Tech C.E.O.’s Dismemberment ‘Looks Like a Professional Job’

On one recent occasion, Mr. Saleh asked Mr. Rametra to join him for a game of tennis, but Mr. Rametra said he didn’t have a racket, he recalled.

“He was like, ‘I already got you one, let’s go,’” Mr. Rametra said, crying. “I never got to play with him.”

Mr. Rametra, 31, also lauded Mr. Saleh’s business acumen, saying that his friend was a visionary who was always looking to his next idea.

“He was a machine, dude, he never stopped,” Mr. Rametra said. “He was always trying to make money.”

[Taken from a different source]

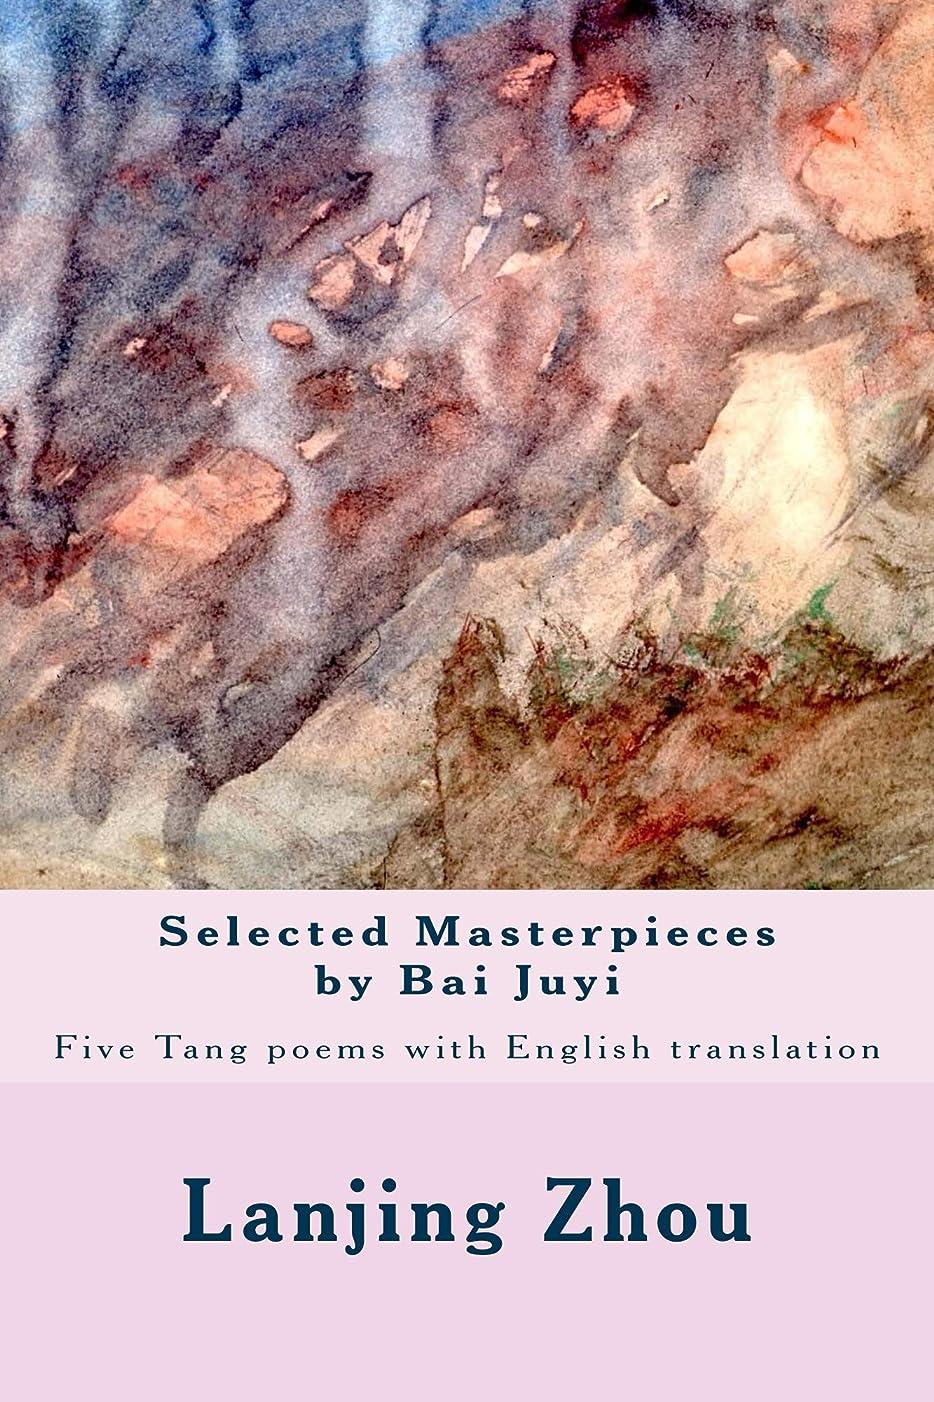 使役パトロール廊下Selected Masterpieces by Bai Juyi: Five Tang poems with English translation (English Edition)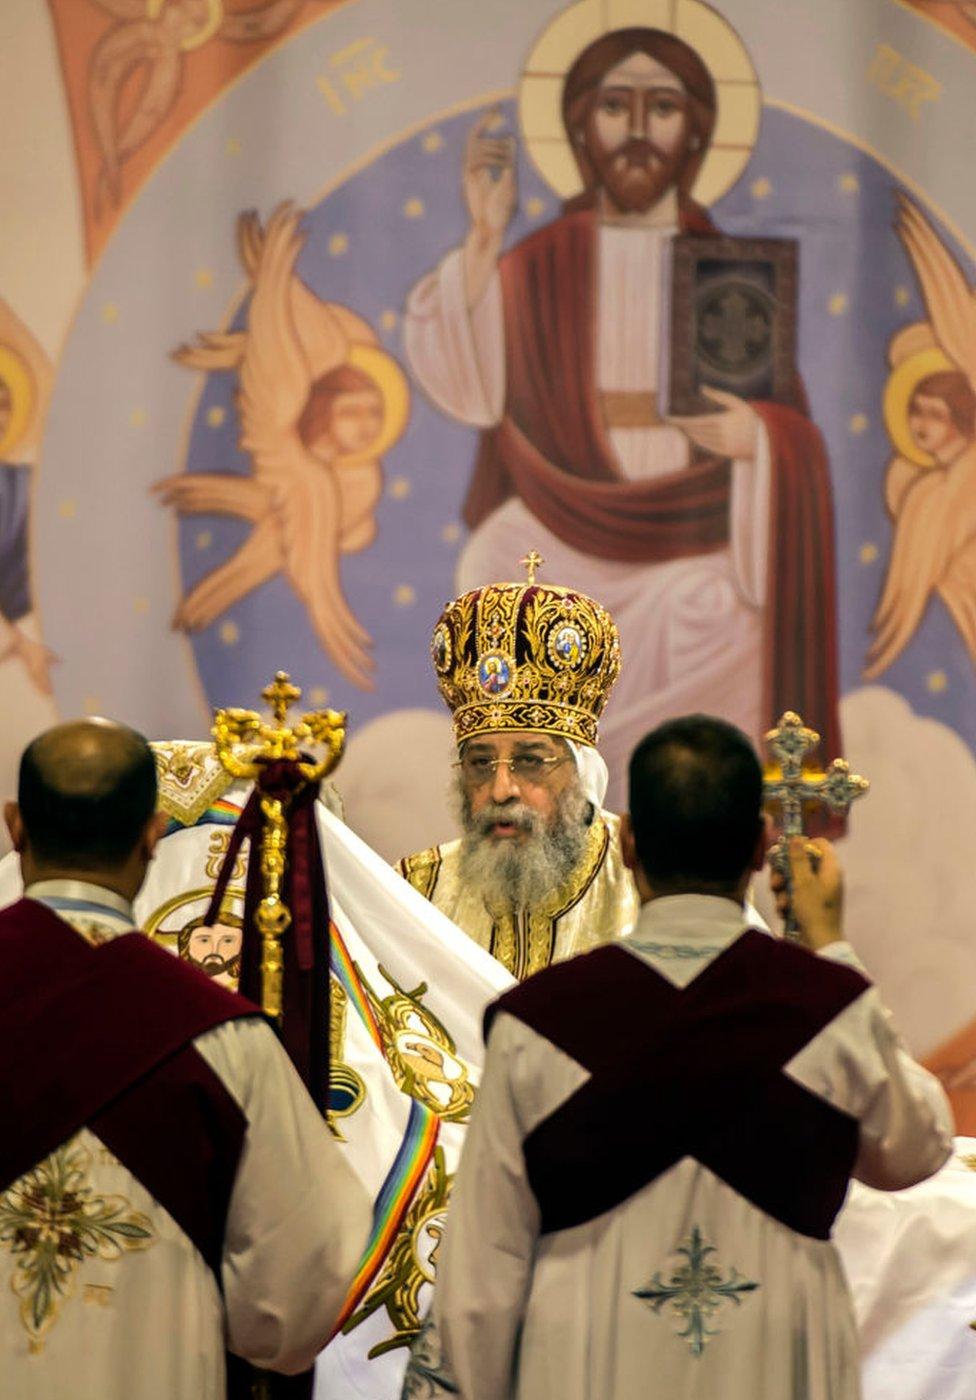 بابا الأقباط الأرثوذكس تواضروس في قداس عشية الاحتفال بأعياد الميلاد يوم السبت. ويحتفل الأقباط في مصر بأعياد الميلاد يوم 7 يناير/كانون الثاني.

Mr. Saleh grew up near Poughkeepsie, N.Y., according to public records. As a teenager, he learned to code and began to develop websites, his friends said. He graduated from Bentley University, a small college in Waltham, Mass., in 2009 with a degree in computer information systems, according to his LinkedIn profile.

On social media, in interviews and blog posts, Mr. Saleh depicted himself as an entrepreneur driven by passion.

“Entrepreneurs are the ones that really change countries, that really change cities,” Mr. Saleh said in a YouTube video in February. “They’re the ones that bring the vision.”

After college, Mr. Saleh turned his love for practical jokes into a prank-calling app named PrankDial, which allowed users to buy prerecorded calls to send to friends.